Phillip Smith

MoJo goes to NewsCamp, Part II: How newsroom developers are reinventing the Web

Here's the 30-second summary of this post:

  • Some forward-thinking newsrooms are employing software developers, and these developers are influencing the direction of their news organizations from the inside.
  • At the same time, these "news application developers" often face a number of common challenges. For example, long-standing conservative approaches to information technology in print-first news organizations, and the intensely deadline-driven news cycle.
  • Partly due to these challenges, they have limited time to A) work on long-term projects, or B) invest in thinking about how technology will have shaped news in a few years time.

This is another opportunity for the Knight-Mozilla News Technology Partnership. Specifically:

  1. To highlight the amazing work that is already being done -- work that is producing tangible demonstrations of what happens when the Open Web is mixed with journalism, reporting, and news production;
  2. To help with some of the common challenges, which -- in turn -- could help to catalyze field-changing innovations.

If you have a few more minutes, you should check out the three-minute video report back from #NICAR11 that inspired this post. (There's also an earlier video report back from the same event here). Read on for the longer post...


(Featured in this video are Derek Willis, Andy Boyle, and Michael Corey.)

The great thing about working on this initiative is that so many news organization are already rich with "Maker Culture". For example, a growing number of newsrooms are investing in what is quickly becoming know as the field of "news application development" or "news apps" (a term that covers almost anything from interactive time-lines to searchable online databases), and others go further by putting software developers inside the sausage factory to work along side reporters and editors on new forms of online storytelling.

These teams have produced award-winning, information-rich, stories, powerful data-driven narratives, and they have also been known to produce useful open source software along the way. That open source code, on occasion, finds its way into other amazing open-source software projects, and that is exactly the type of exponential innovation that we're hoping for with MoJo too.

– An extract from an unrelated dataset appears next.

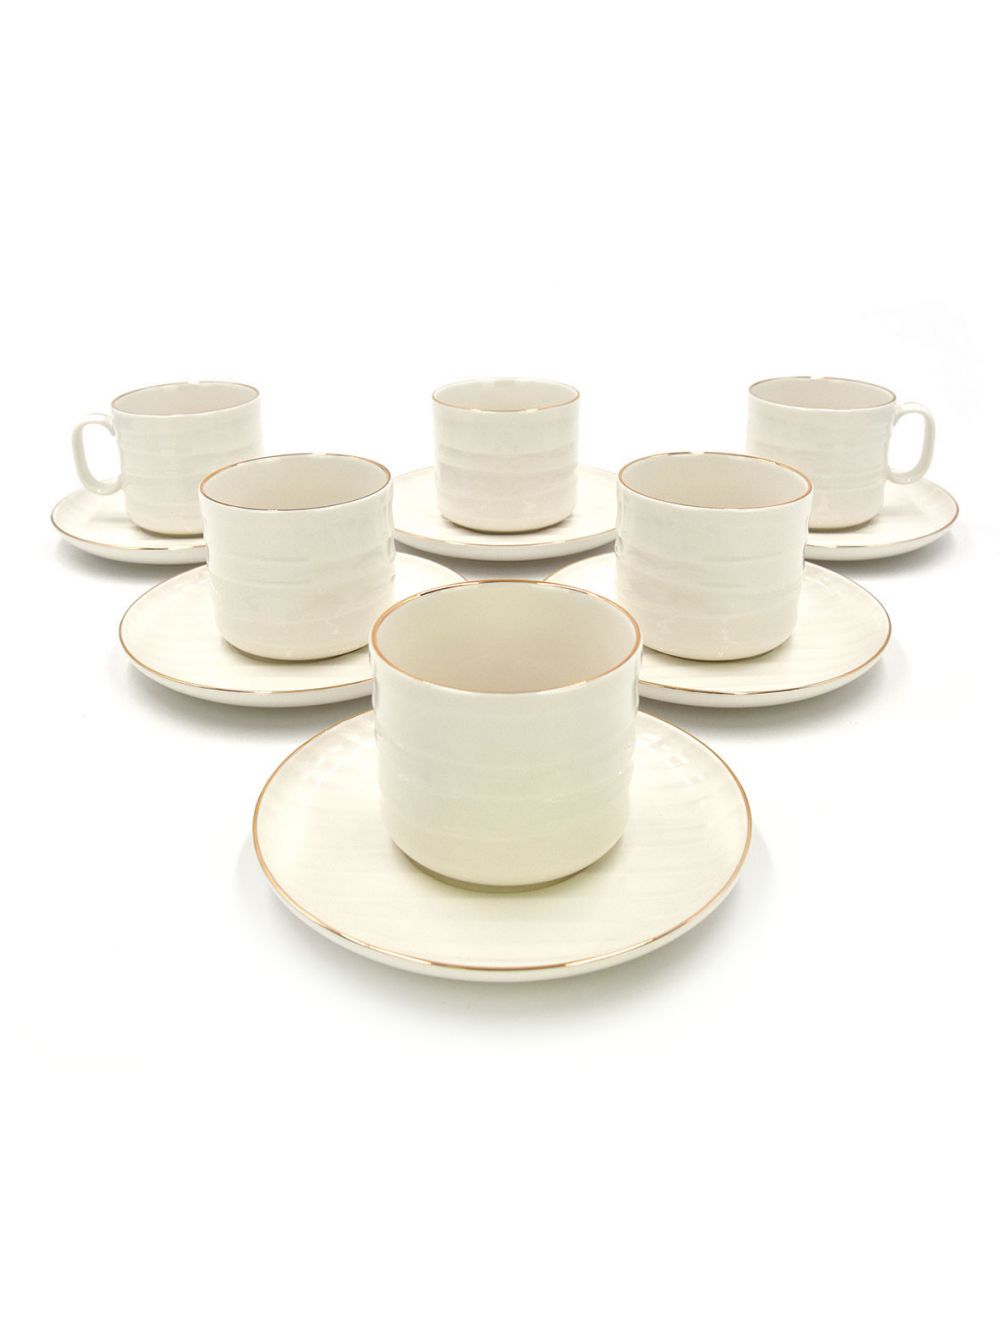 Qualitier Tea Cup and Saucer 12 Pieces Set White/Gold 180 ml

However, the challenges facing news innovation are not insignificant. Starting with rather mundane problems like the limitations of archaic, inflexible, corporate content-management systems or servers that are secured to the point of not being experimentation friendly, and extending all the way to the ever-present question of return on investment -- news app developers are both at the vanguard and staring over a cliff. (For more on this, read Steve Myers' excellent piece [Update: you should also read Matt Waite's excellent piece that explore many of the same themes from the viewpoint of a news app developer.])

But there's another story here too: faced with these challenges, these "of the Web" teams -- like the Internet itself -- route around the problems to get their products into news users' hands, using agile development approaches, open-source frameworks, and cloud-based hosting. More importantly, they demonstrate how to take an idea from napkin sketch to prototype, from prototype to launch, from launch to Web scale, all with limited time and resources. The "learning labs" that we're developing for MoJo will be specifically focusing on helping our participants develop these types of skills.

I hope that the MoJo community can start to think about what resources we have to collectively address some of the types of challenges that Andy and Michael talk about in the video above from the NICAR "Hack Night", challenges like finding examples of prior art, or having a rich enough set of general solutions that can address broad categories of day-to-day newsroom requirements.

Let's start experimenting with how to make exponential innovation in the news-technology space more likely. I hope you'll stick around, or -- better yet -- join in.